#stopdropandyoga

To practice yoga is to practice connection. The asanas are a vehicle to drive me closer to my Self. The ability to progress into asanas I had only dreamed of has been a big fucking bonus physically,  mentally and emotionally, thus, leading to a deeper connection of Self. Today I was tagged by @melonnn11 to #stopdropandyoga. I had an epiphany about irony and connection which led me to drawing out my Instagram post.

The reason I know @melonnn11 is because I won a scholarship to @rinayoga yoga teacher training through the #resolvetoevolve 30 day challenge on Instagram.  @melonnn11 was one of the hosts. I was beyond stoked because all I had to do was post a yoga pose chosen by @rinayoga each day for 30 days, and write about what the postures represent for me and peel away the layers as I wrote. Sounds simple, right? It was. I told myself I was going to be nitty gritty raw and be as vulnerable as possible because I wanted to win this damn challenge. Bad. Sounds easy, right? It wasn't. Buttons were pushed and triggers were activated. What I was winning was the opportunity to receive greater knowledge to practice and pass on to you, from a badass yogi and yoga teacher - Rina Jakubowicz @rinajaku. So, I put myself out there for the world to read about my fears, insecurities, opportunities for growth and strengths that keep me moving forward. The world also learned more about why I am a yogi, yoga teacher and now, surfer. I won! Holy shit! For the first time, I won something that, to me, was priceless. I've believe every "thing" has a price tag. The irony is I won the teacher training, however, I will not receive the training because I can not afford the trip where the training is taking place. It does sadden me that I can not make the trip and I'll miss out on the training, however, I still consider myself a winner. The 30 day challenge represented me working toward connecting deeper. That is what I accomplished, so, in my eyes, I still won.

After 13 years in the salon world as a makeup and eyebrow artist, I left a lucrative career to pursue my passion and fulfill my soul of teaching yoga. My goal is to being able to facilitate a space for adults to feel included and connected and that is where yoga classes, yoga & surf workshops and camps all come into play. I knew it was going to be a challenge, but, fuck, it has been an up-hill battle. I pendulum between feelings of strength, being overwhelmed and stressed, and defeat. When It's all in one day, I want to tap out; but, I pull myself together and keep charging because it's what I do. 

It was those feelings of defeat that lead me to recently meeting an incredible woman, Kate Brenton @wisdomofone. Kate is a limi limi practitioner and is, seriously, a gift. Jen Pastiloff @jenpastiloff is from whom I received the referral. Funny thing is, I have yet to meet @jenpastiloff, but, her energy and vibrancy is so potent from her posts and videos from Instagram and Facebook, that I feel connected to her. I instantly felt connected to Kate as well upon seeing a video of her that Jen recorded after her session with Kate. Less than 24 hours later after viewing Jen's video, I had my first session with Kate.
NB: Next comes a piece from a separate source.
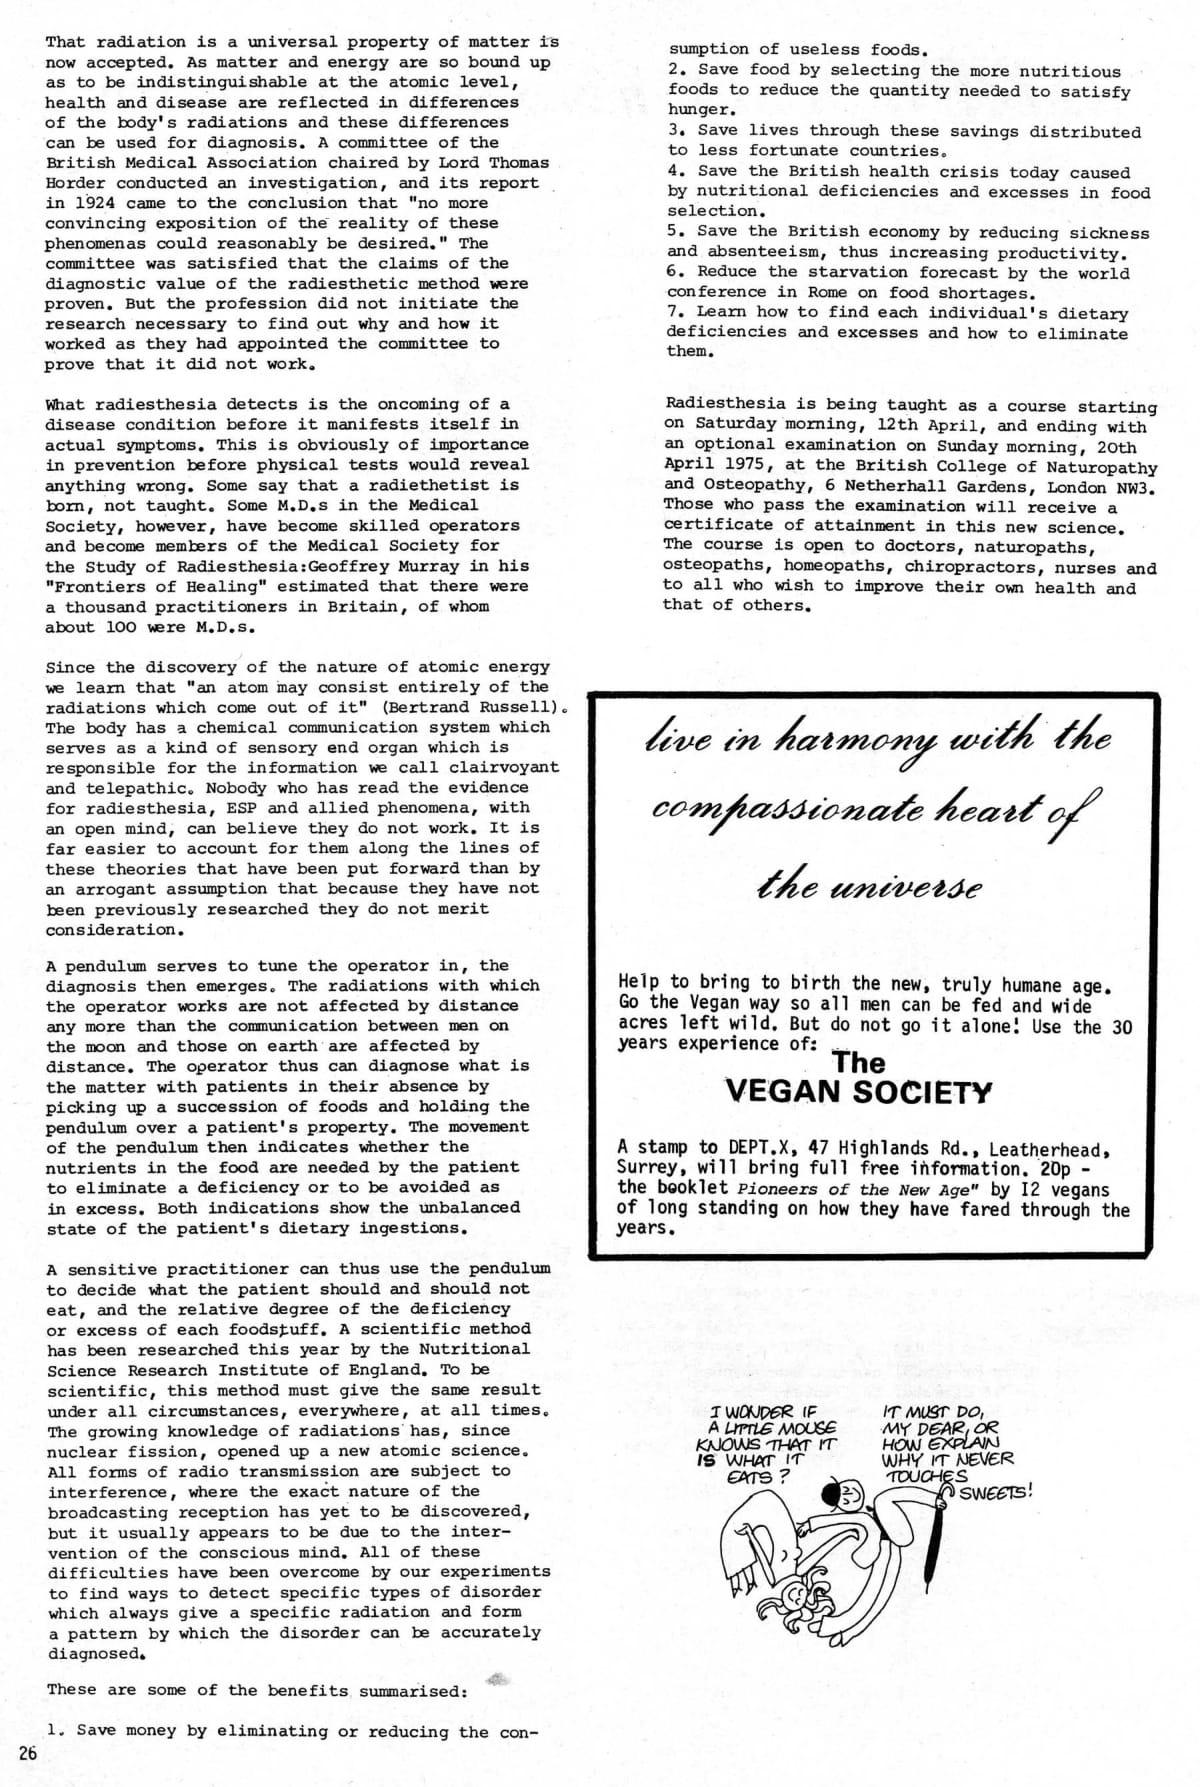 seed-v4-n3-march1975-26.jpg

These two beautiful souls have filled me with energy and have touched me in a way that I felt included and connected; in turn, they, helped picked me up off my ass when I've been down. Inclusivity and connection are meaning behind why I do what I do and these ladies are living it as well. 
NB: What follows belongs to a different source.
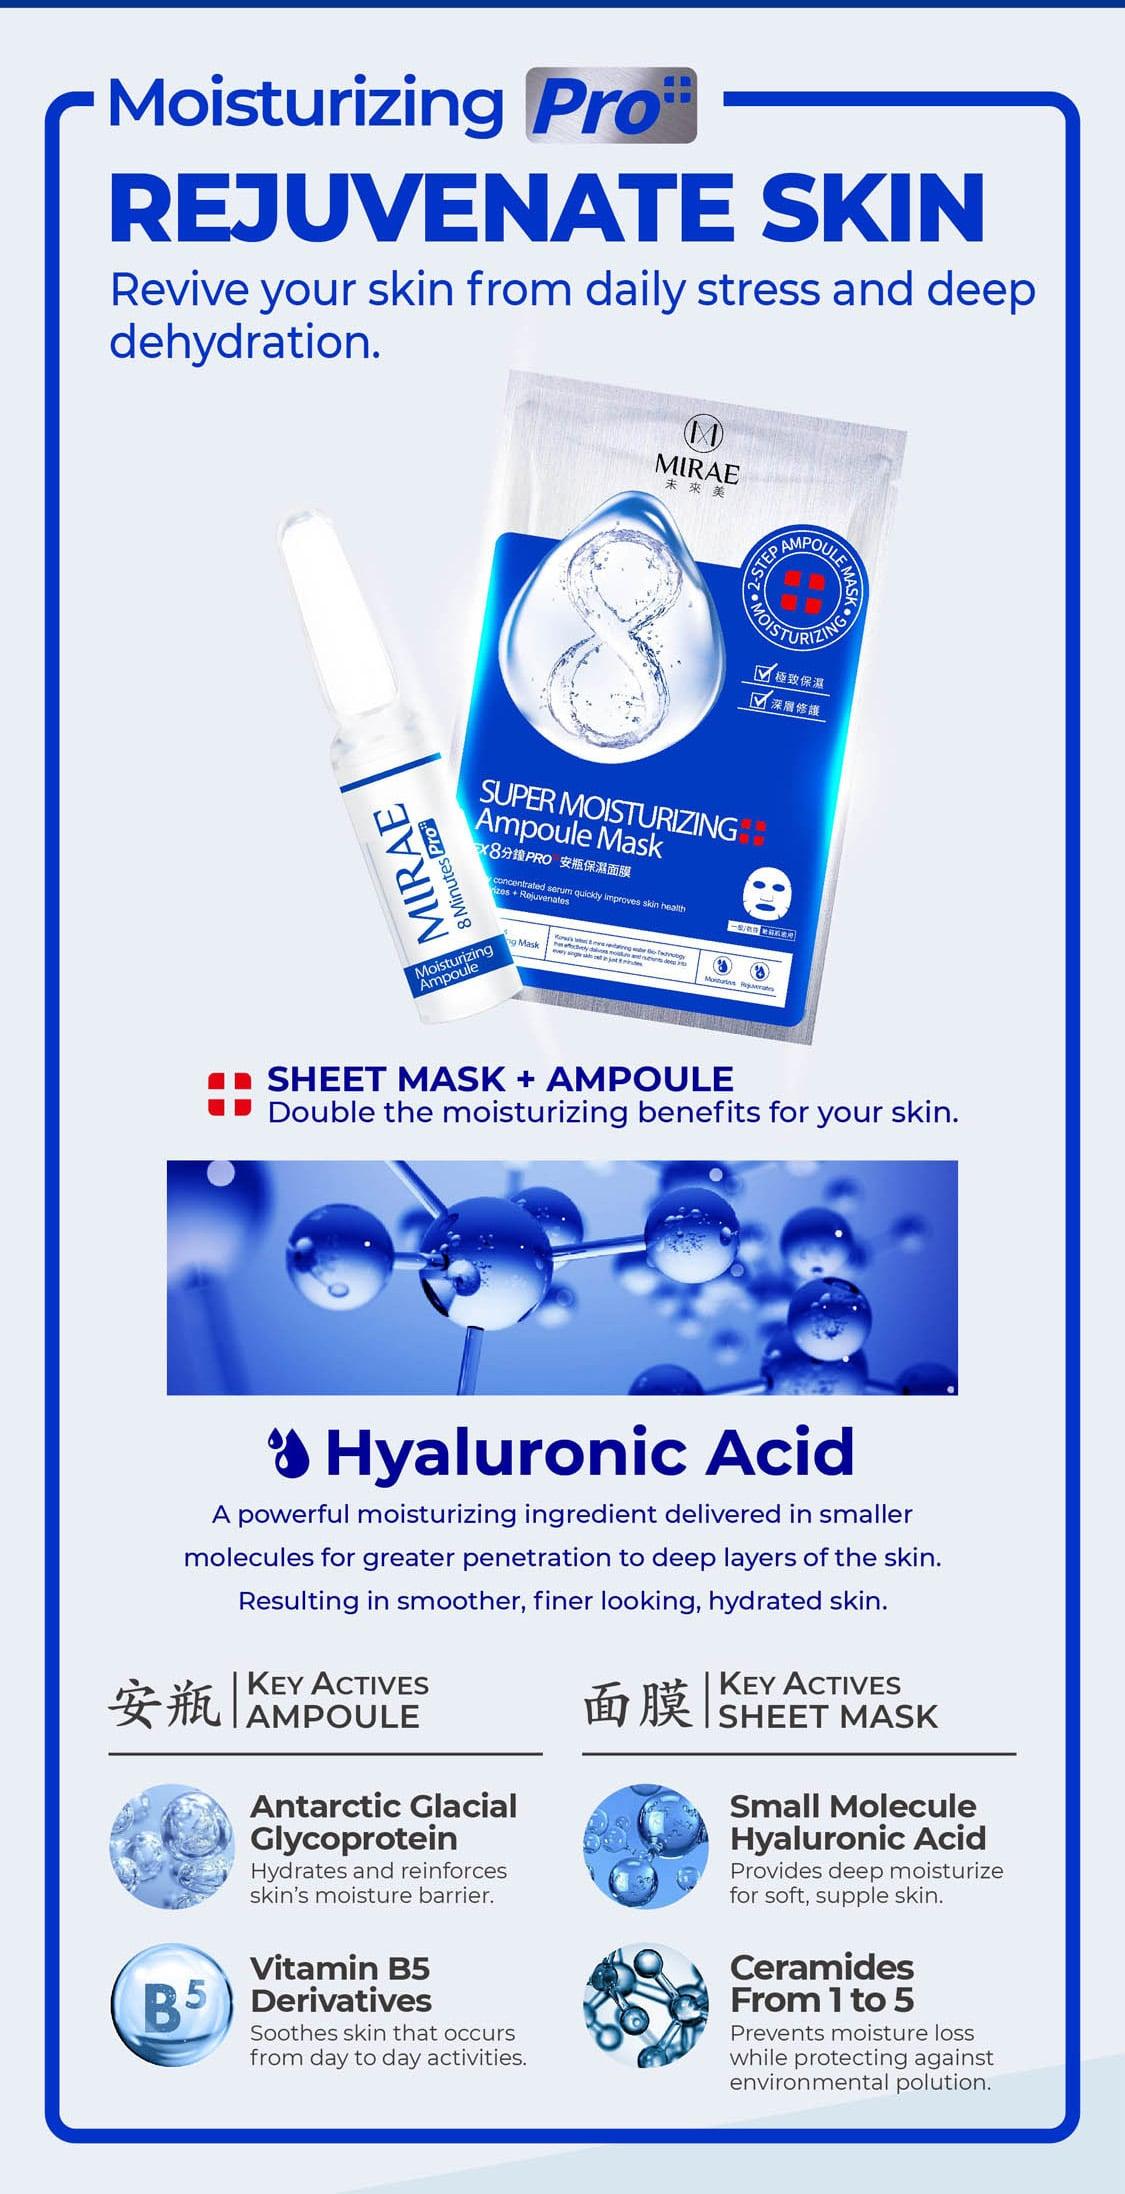 Super Moisturizing Ampoule Mask - Moisturizing

I find it interesting that my backbends have opened up drastically as of recent. This pose represents my will to bend so I don't break. My will to bend to make it over a hurdle. This backbend represents a feeling of connection. I close my eyes and open my heart and welcome in the unknown. The power of connection is electrifying when we stop and close our eyes, open our ears and hearts to giving and receiving. Connection comes through surrender and acceptance. It is through practicing yoga and surfing that I strive to connect to as many people as possible in a way that I have connected with Jen and Kate. It is a feeling. It is an instinct. It is a love without labels or judgement. I want you to know - I hear you, I open my heart to you and I believe in you. I believe in the power of connection.